No sé si Federico tendrá muchas reseñas necrológicas. Aquí va la mía.

Cuando el Colegio Mayor Hispanoamericano de la Ponti imperaba sobre la peña celestina había una singular generación de profesores que convivían con los alumnos. Por cierto que fue en aquella época cuando también un grupo de obispos mandaban allí a sus mejores estudiantes a sacar los grados de la Ponti.

Pues allí vivía don Federico Aznar Gil, una personalidad peculiar. No necesitaba confesar que era maño hasta las cachas, y que dedicaba su vida a la investigación del Derecho Canónico matrimonial, a dirigir la revista de tal materia de la Ponti y a escribir libros.

Más allá de la apariencia se escondía un profesor de un gran corazón, un hombre que llevaba la justicia en las venas, al que le soliviantaban los abusos de poder, también la Iglesia. De hecho uno de sus libros más famosos está dedicado al derecho penal. Y otro al patrimonial, por cierto.

Aunque aparentemente no tenía una intensa vida apostólica, todas las tardes estaba como un clavo el primero en la misa vespertina del colegio. En este sentido, con el tiempo, fue clarificando ideas y procesos. Por cierto que en el Colegio vivía, aunque más separado de la gran masa, otro gran canonista, el P. Antonio García, una eminencia de la Historia del Derecho canónico. Y, cómo no, el gran José Ignacio Tellechea, que era como una especie de abuelo sabio para todos nosotros. Y monseñor Julián López y don Santiago del Cura cuando les tocaba el semestre docente, entre otros.

Fue Federico quien me invitó a iniciar los estudios de Derecho Canónico y quien, por ejemplo, nos arrastró a un grupo de los suyos a las primeras investigaciones interdisciplinares cuando esta perspectiva no era valorada, y menso en una Universidad de compartimentos estancos, como la Ponti, en la que los que andábamos por periodismo éramos considerados como los Podemitas de entonces. En aquel grupo estaba también su fiel discípulo Raúl. Por cierto que a mis maestros María Teresa Aubach y Gerardo Pastor mis veleidades canónicas no les cuadraban mucho y menos con mis sensibilidades teológico-eclesiales.

Fue Federico un hombre recto, de conciencia, incapaz de doblegarse ante los apaños de los dentro y de los de fuera, que encajaba con deportividad los goles en propia meta y que siempre pensaba en los demás antes que en sí mismo. Le preocupaban las personas, los alumnos, no los cargos, ni los oropeles, ni que le aplaudieran o le vitorearan.

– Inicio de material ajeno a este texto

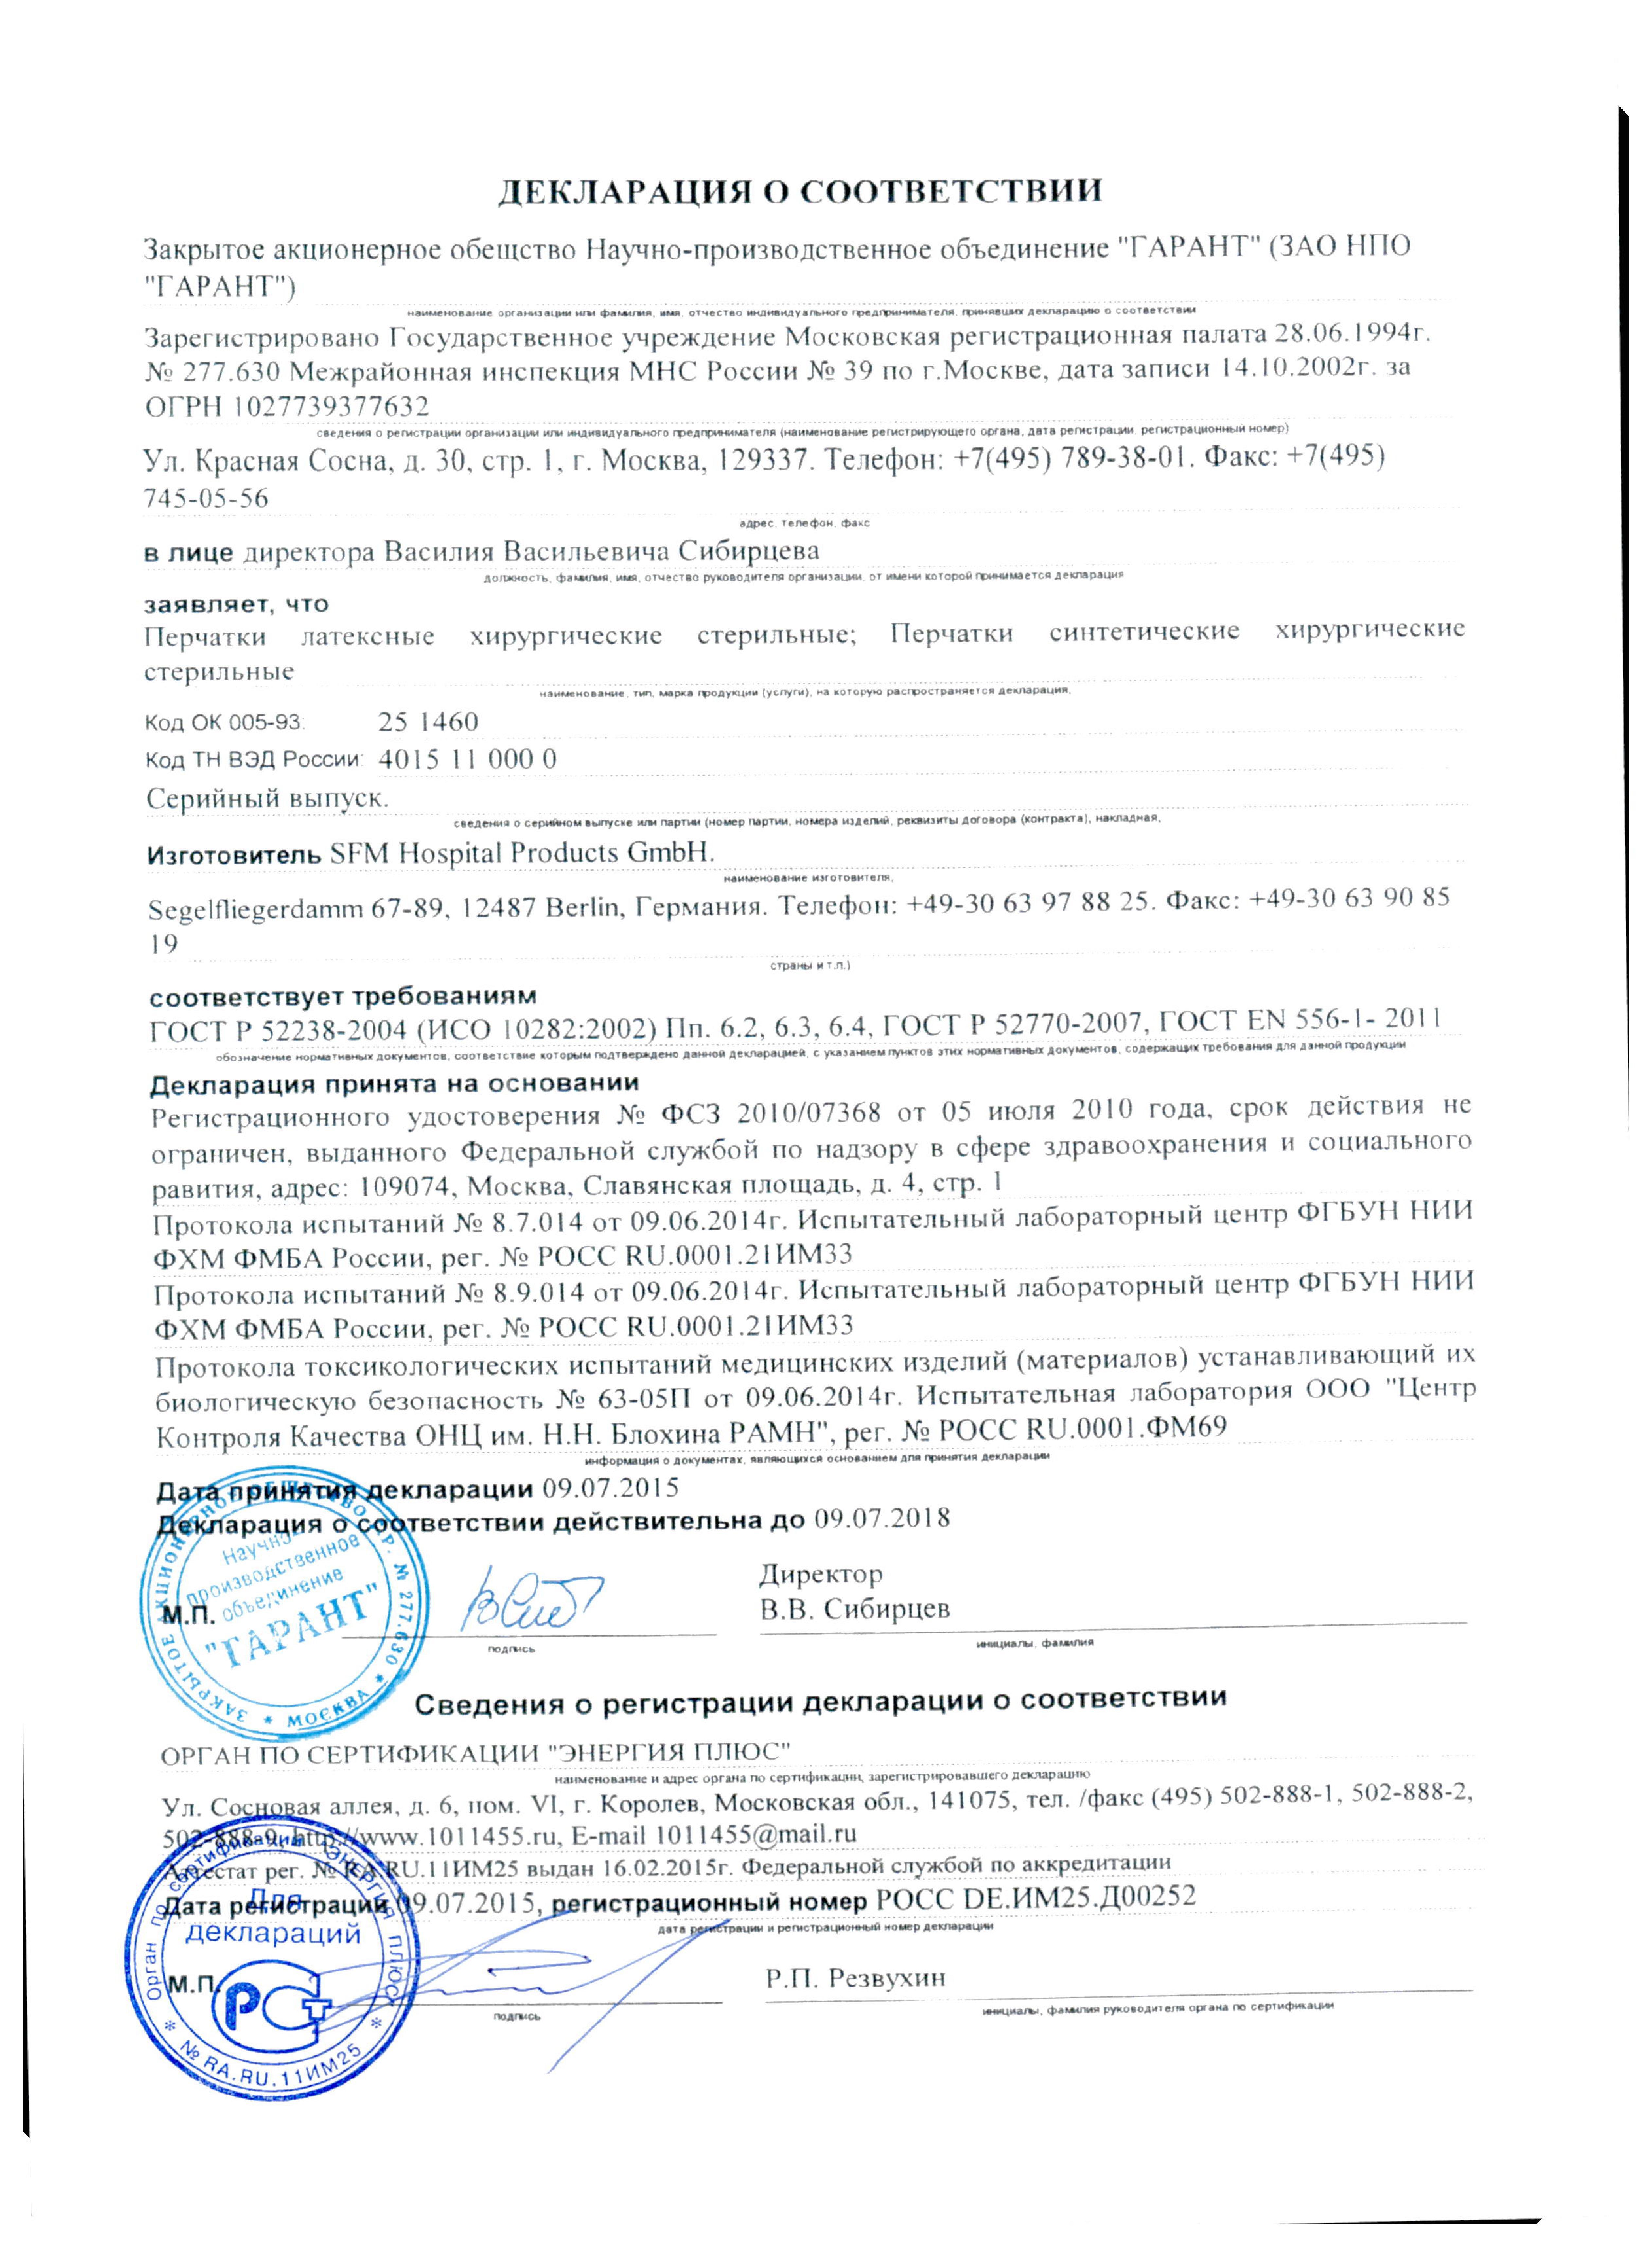 Декларация-хир-СТЕР-09.07.15-09.07.18
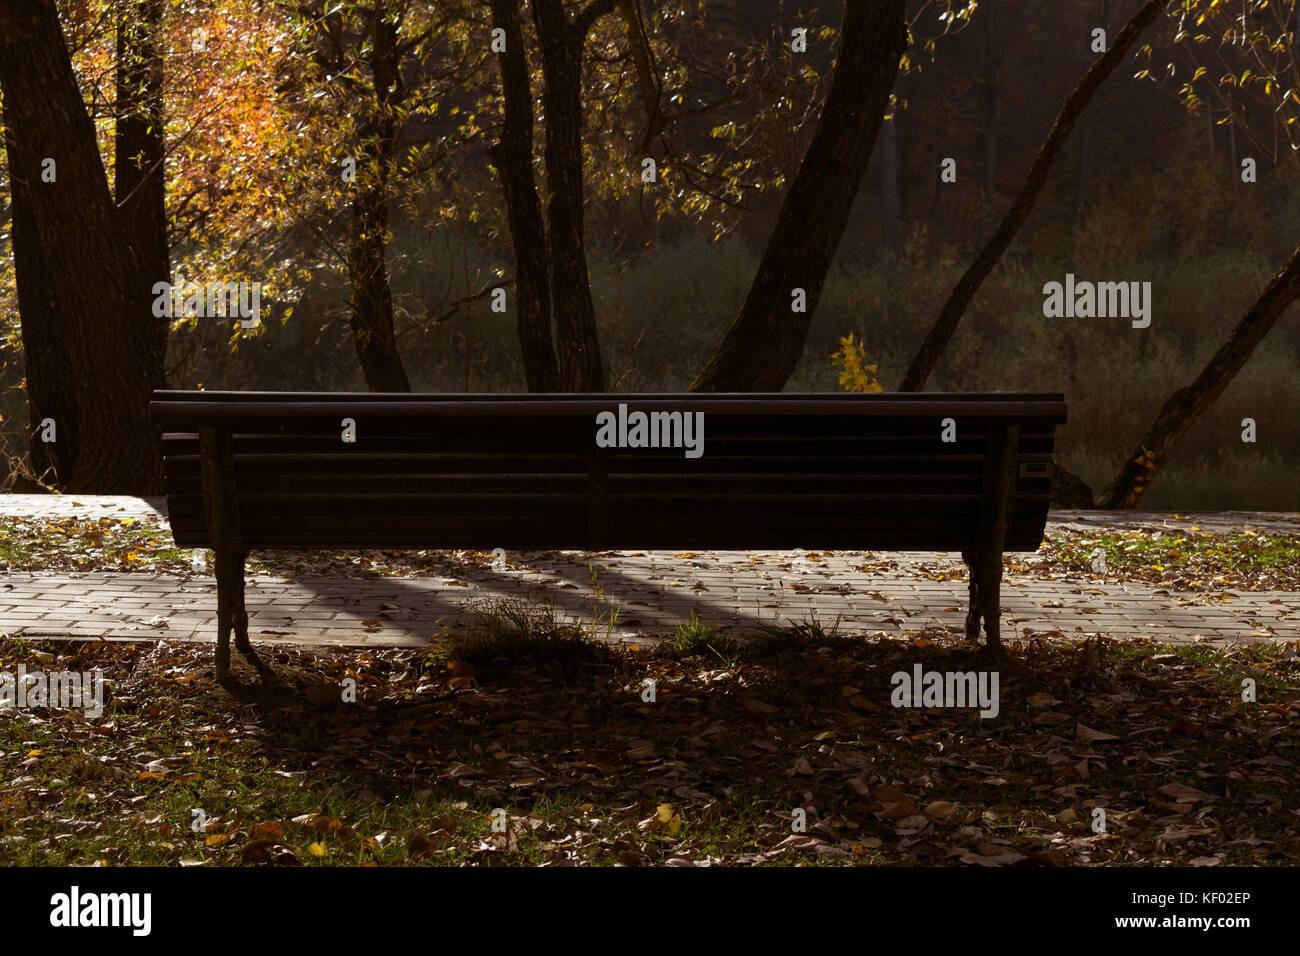 Panca di legno in un parco, centrato, la luce del mattino, autunno Immagini Stock

Recuerdo por ejemplo sus viajes a la República Dominicana para ayudar a las entonces nacientes asociaciones de padres de familia en la defensa jurídica de del matrimonio y la familia, sus derechos ante las legislaciones lesivas y ante, por ejemplo, las programaciones inmorales de los medios de comunicación.

 

No niego que esta breve necrológica esté teñida de nostalgia. Al fin y al cabo, Federico siempre estuvo en su sitio, lo suyo no eran las veletas de campanario, se mantuvo firme en lo que creía, y eso siempre se agradece. Y siempre estaba ahí para escuchar y para ayudar, orientar e incluso defender.  

La última vez que nos vimos, en las vísperas de dejar él la Universidad y volver a su tierra, después de que yo estuviera en un tribunal de tesis, acompañados por el buen amigo David Urchaga, hablamos de todo un poco. Estaba cansado por el tratamiento de ese día. No olvidaré la mirada que me lanzó cuando nos despedimos. La última vez… pensé. Espero pues al próximo encuentro, en el que hablaremos, de nuevo, de todo lo divino y lo humano.

Mi santa me dice que encargue una misa por su eterno descanso. Así haré. Gracias por todo, querido Federico.